PAYROLL - 22.04.2021

Using salary sacrifice for a cost-free pay rise

The door on tax saving by salary sacrifice has finally closed. However, that doesn’t mean you can’t use salary sacrifice. In fact, it can provide a cost-free way to give your staff a pay rise. Is this something you can take advantage of?

End of an era

The tax advantages of some salary sacrifice schemes for employees, e.g. those involving company cars, which were in place before 6 April 2017 finally came to an end on 5 April 2021. A small number of other schemes can still be used to obtain tax savings but they are of limited application because the benefits they provide won’t suit all, e.g. provision of childcare. However, there’s one type of salary sacrifice that can be used by most employees.

Pension contributions

Salary sacrifice which involves an employee giving up some of their salary in exchange for their employer paying into a pension scheme isn’t subject to the restrictions imposed by HMRC in April 2017. The main reason for this is probably that even before then it didn’t result in any tax savings.

Tip. Whilst there’s no tax advantage to pension contribution salary sacrifice schemes, they can still be used to reduce NI contributions for both employers and employees.

Pension-related salary sacrifice

What makes schemes involving pension contributions more useful than other salary sacrifice arrangements is that most employees either belong to a workplace pension or contribute to a personal pension plan of their own. In either case as an employer you can use this to offer a pay rise to your workers in the form of extra pension contributions at no cost to you.

Example. Despite making losses over the last year because of tough trading conditions, Acom Ltd wants to reward its employees. It can do this at zero cost by entering into a salary sacrifice agreement to pay its employees’ workplace pension contributions. Below is an illustration of how it would work for one of Acom’s employees.

Jack’s annual salary is £48,000 and his workplace pension contributions are £3,000. That’s £250 per month, which after basic rate tax relief is £200. Acom deducts this from Jack’s salary. It agrees to pay his pension contributions (plus a little extra) in exchange for him giving up salary of £3,529 per year. While Jack is giving up more salary than he saves in pension contributions, he will receive the same net pay because his NI contributions are lower. At the same time, Jack’s pension fund is better off because Acom pays the £3,529 it saves by paying him less salary along with the £487 in employers’ NI it saves. A zero cost to Acom and Jack his pension fund is boosted by £4,016 per year - effectively a pay rise of 2.12% (see The next step ).

Tip. For 2021/22 a pension-related salary sacrifice produces better results for employees whose earnings are £50,270 (the NI upper earnings limit) or less than those with higher earnings. But in both cases there’s an advantage.

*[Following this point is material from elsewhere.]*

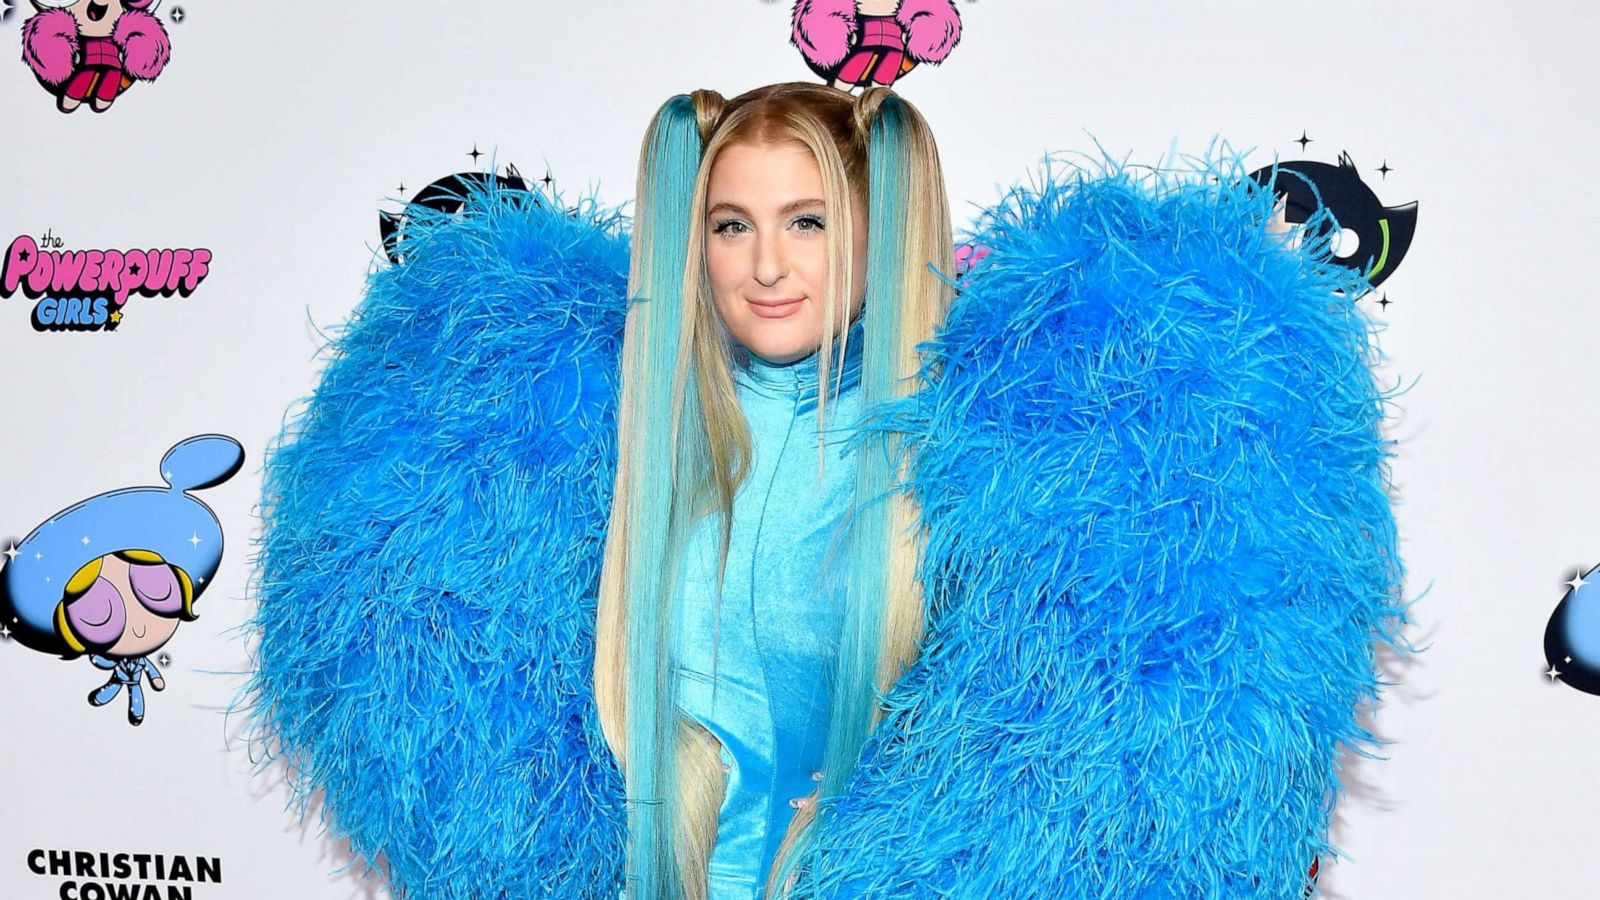 Meghan Trainor says her biggest parenting fail was 'boiling' her

Tip. To be valid it’s important that you get the paperwork for a salary sacrifice right. You must also make your employees aware of all the consequences. If in doubt consult with your accountant or an employment specialist.

For the detailed calculations behind the example, visit https://www.tips-and-advice.co.uk , Download Zone, year 21, issue 14.

A salary sacrifice arrangement linked to pension contributions can increase your employees’ net pay by saving NI contributions. This, along with the NI savings you make, can be used to increase the amount going into your employees’ pensions. For example, this could be equivalent to giving them a 2.2% pay rise.